[Openmp-commits] [openmp] [Libomptarget] Fix Nvidia offloading hanging on dataRetrieve using RPC (PR #66817)

Tue Sep 26 14:02:16 PDT 2023

https://github.com/jhuber6 updated https://github.com/llvm/llvm-project/pull/66817

>From bc82ee4dca9513923392118b6bc788bbb953a7e2 Mon Sep 17 00:00:00 2001
From: Joseph Huber <jhuber6 at vols.utk.edu>
Date: Tue, 19 Sep 2023 15:42:29 -0500
Subject: [PATCH] [Libomptarget] Fix Nvidia offloading hanging on dataRetrieve
 using RPC

Summary:
The RPC server is responsible for providing host services from the GPU.
Generally, the client running on the GPU will spin in place until the
host checks the server. Inside the runtime, we elected to have the user
thread do this checking while it would be otherwise waiting for the
kernel to finish.

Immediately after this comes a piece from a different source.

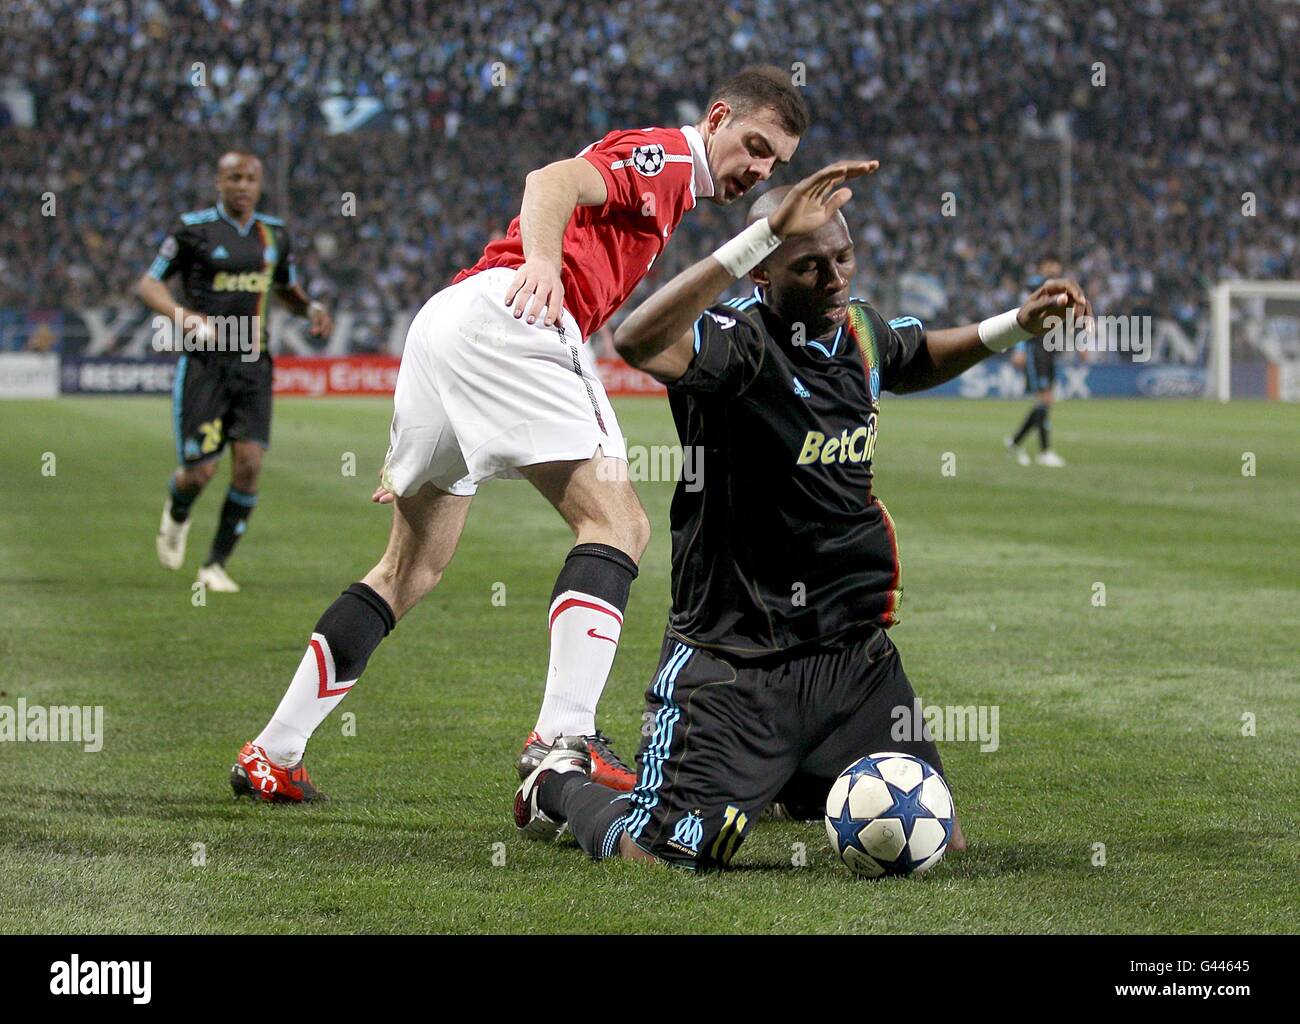 Soccer - UEFA Champions League - Round of 16 - First Leg - Olympique de Marseille v Manchester United - Stade Velodrome. Manchester United's Darron Gibson (left) challenges Olympique de Marseille's Stephane M'Bia (right) Stock Photo
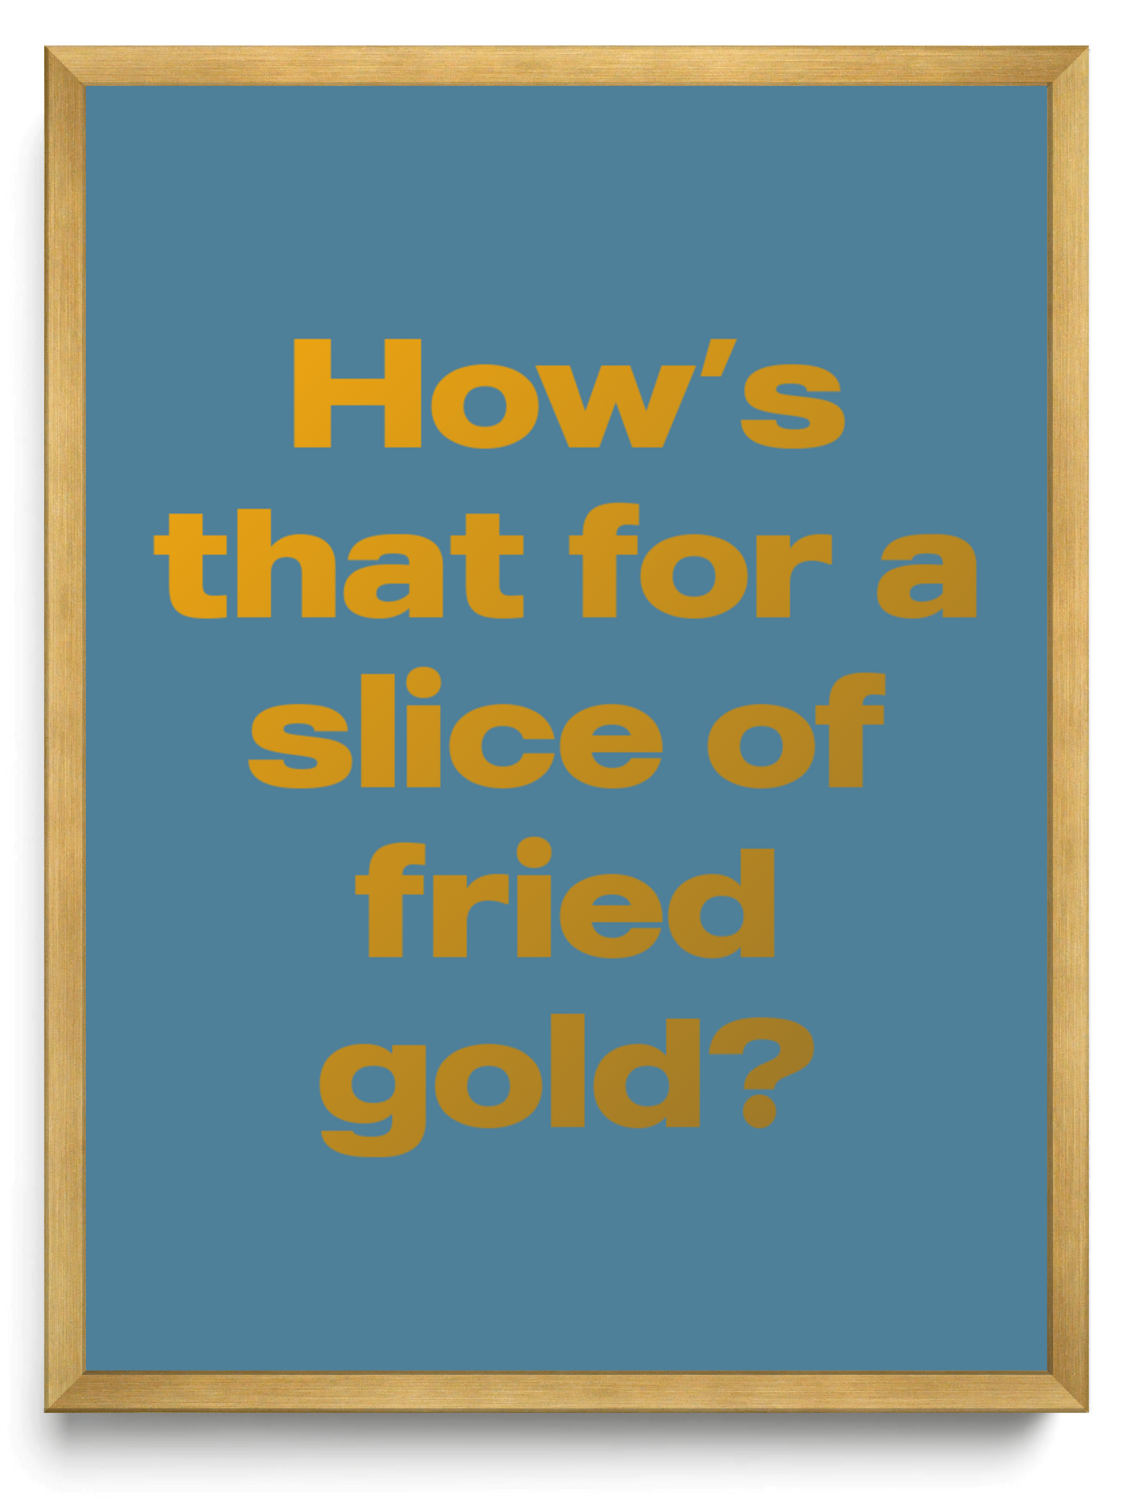 How’s that for a slice of fried gold?

However, for Nvidia this caused problems when
offloading to a target region that requires a copy back.

This is caused by the implementation of `dataRetrieve` on Nvidia. We
initialize an asynchronous copy-back on the same stream that the kernel
is running on. This creates an implicit sync on the kernel to finish
before we issue the D2H copy, which we then wait on. This implicit sync
happens inside of the CUDA runtime. This is problematic when running the
RPC server because we need someone to check the RPC server. If no one
checks the RPC server then the kernel will never finish, meaning that
the memcpy will never be issued and the program hangs. This patch adds
an explicit check for unfinished work on the stream and waits for it to
complete.
---
 .../plugins-nextgen/cuda/src/rtl.cpp          | 13 ++++++++++-
 openmp/libomptarget/test/libc/fwrite.c        | 22 +++++++++++++++++++
 2 files changed, 34 insertions(+), 1 deletion(-)
 create mode 100644 openmp/libomptarget/test/libc/fwrite.c

diff --git a/openmp/libomptarget/plugins-nextgen/cuda/src/rtl.cpp b/openmp/libomptarget/plugins-nextgen/cuda/src/rtl.cpp
index 44b8d349033c0ff..70b412a6e4cd893 100644
--- a/openmp/libomptarget/plugins-nextgen/cuda/src/rtl.cpp
+++ b/openmp/libomptarget/plugins-nextgen/cuda/src/rtl.cpp
@@ -576,7 +576,18 @@ struct CUDADeviceTy : public GenericDeviceTy {
     if (auto Err = getStream(AsyncInfoWrapper, Stream))
       return Err;
 
-    CUresult Res = cuMemcpyDtoHAsync(HstPtr, (CUdeviceptr)TgtPtr, Size, Stream);
+    // If there is already pending work on the stream it could be waiting for
+    // someone to check the RPC server.
+    CUresult Res = cuStreamQuery(Stream);
+    if (auto RPCServer = getRPCServer()) {
+      while (Res == CUDA_ERROR_NOT_READY) {
+        Res = cuStreamQuery(Stream);
+        if (auto Err = RPCServer->runServer(*this))
+          return Err;
+      }
+    }
+
+    Res = cuMemcpyDtoHAsync(HstPtr, (CUdeviceptr)TgtPtr, Size, Stream);
     return Plugin::check(Res, "Error in cuMemcpyDtoHAsync: %s");
   }
 
diff --git a/openmp/libomptarget/test/libc/fwrite.c b/openmp/libomptarget/test/libc/fwrite.c
new file mode 100644
index 000000000000000..7ffb449fee6672e
--- /dev/null
+++ b/openmp/libomptarget/test/libc/fwrite.c
@@ -0,0 +1,22 @@
+// RUN: %libomptarget-compile-run-and-check-generic
+
+// REQUIRES: libc
+
+#include <assert.h>
+#include <stdio.h>
+
+#pragma omp declare target to(stdout)
+
+int main() {
+  int r = 0;
+// CHECK: PASS
+#pragma omp target map(from : r)
+  { r = fwrite("PASS\n", 1, sizeof("PASS\n") - 1, stdout); }
+  assert(r == sizeof("PASS\n") - 1 && "Incorrect number of bytes written");
+
+// CHECK: PASS
+#pragma omp target map(from : r) nowait
+  { r = fwrite("PASS\n", 1, 5, stdout); }
+#pragma omp taskwait
+  assert(r == sizeof("PASS\n") - 1 && "Incorrect number of bytes written");
+}